» **Provided material**
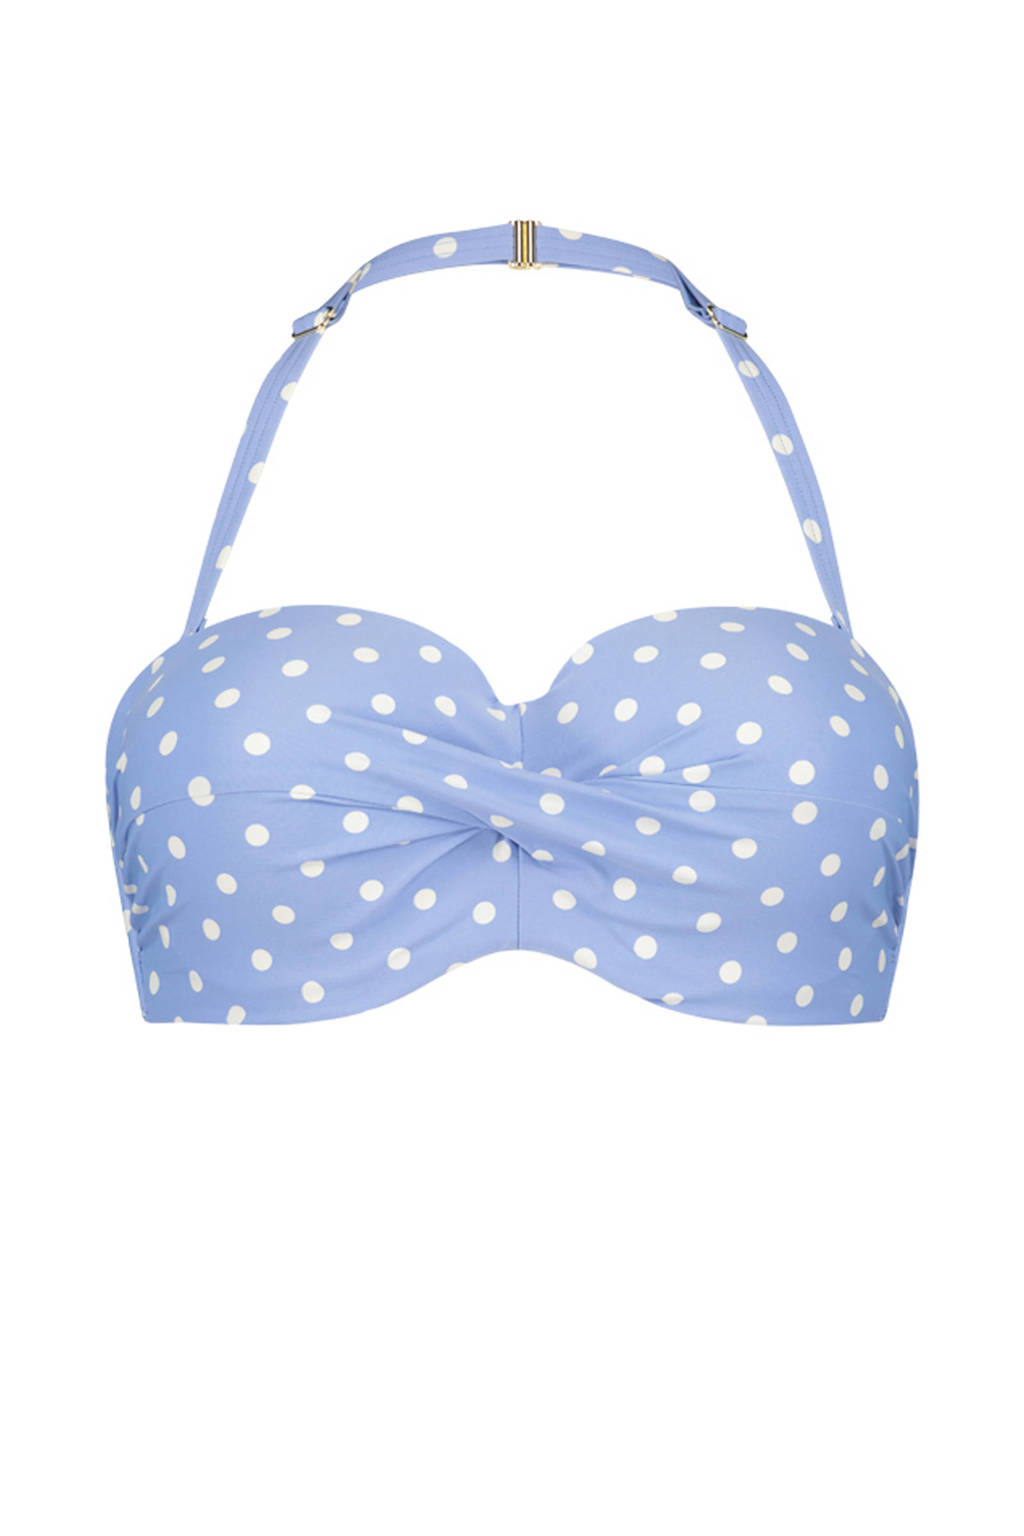 Cyell strapless bandeau bikinitop Just Dot lichtblauw/wit
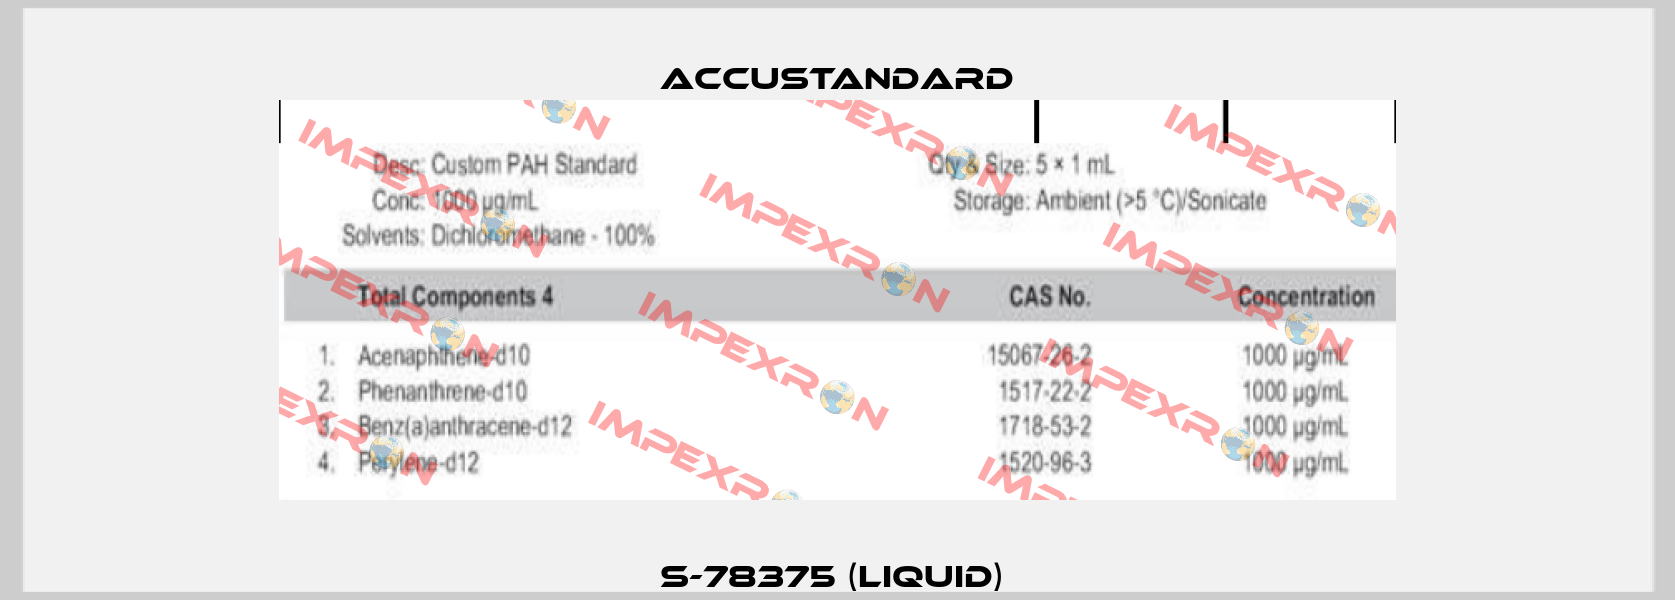 S-78375 (liquid)  AccuStandard
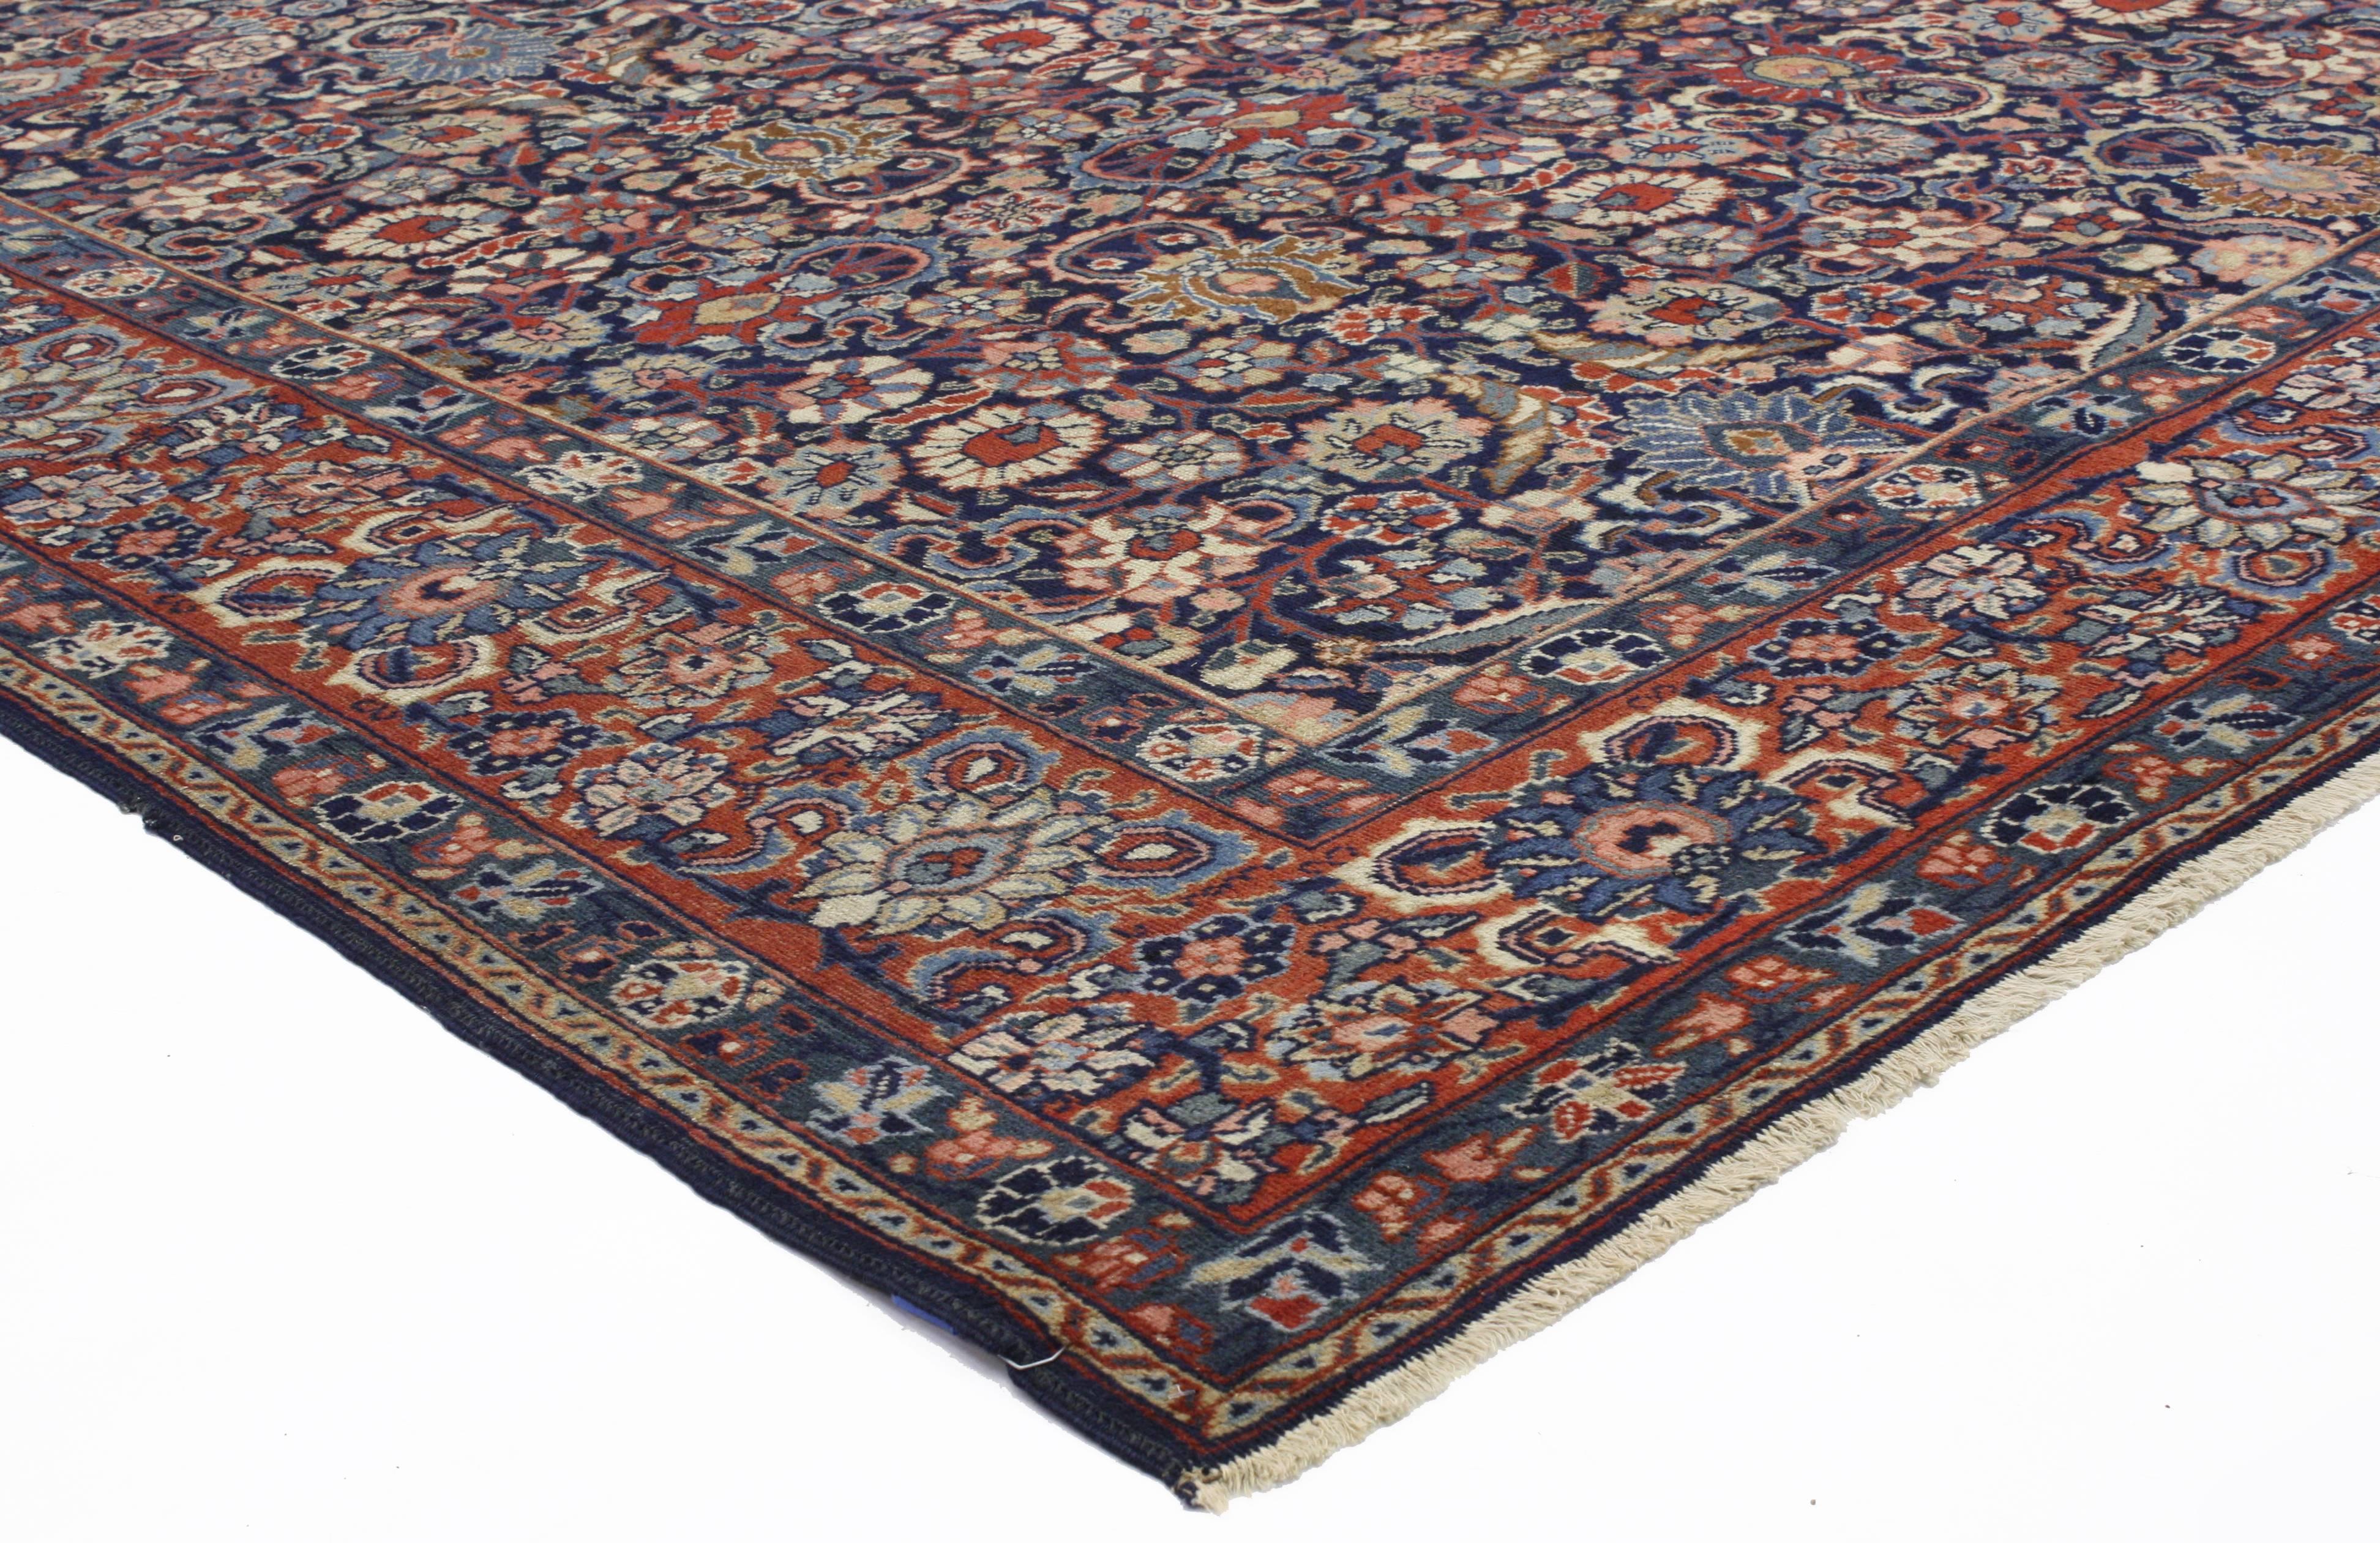 72860 Antiker persischer Täbris-Teppich im traditionellen Stil. Opulente Blau- und Rottöne bereichern die glänzende Komposition dieses prächtigen antiken persischen Täbris-Teppichs. Die traditionellen Farben und das florale Allover-Design strahlen

» **Instructions to follow**
The answer is the full listing above, reproduced character for character, minus its images.

» **Your solution**
 Cyell strapless bandeau bikinitop Just Dot lichtblauw/wit
 S-78375 (liquid)  AccuStandard
 72860 Antiker persischer Täbris-Teppich im traditionellen Stil. Opulente Blau- und Rottöne bereichern die glänzende Komposition dieses prächtigen antiken persischen Täbris-Teppichs. Die traditionellen Farben und das florale Allover-Design strahlen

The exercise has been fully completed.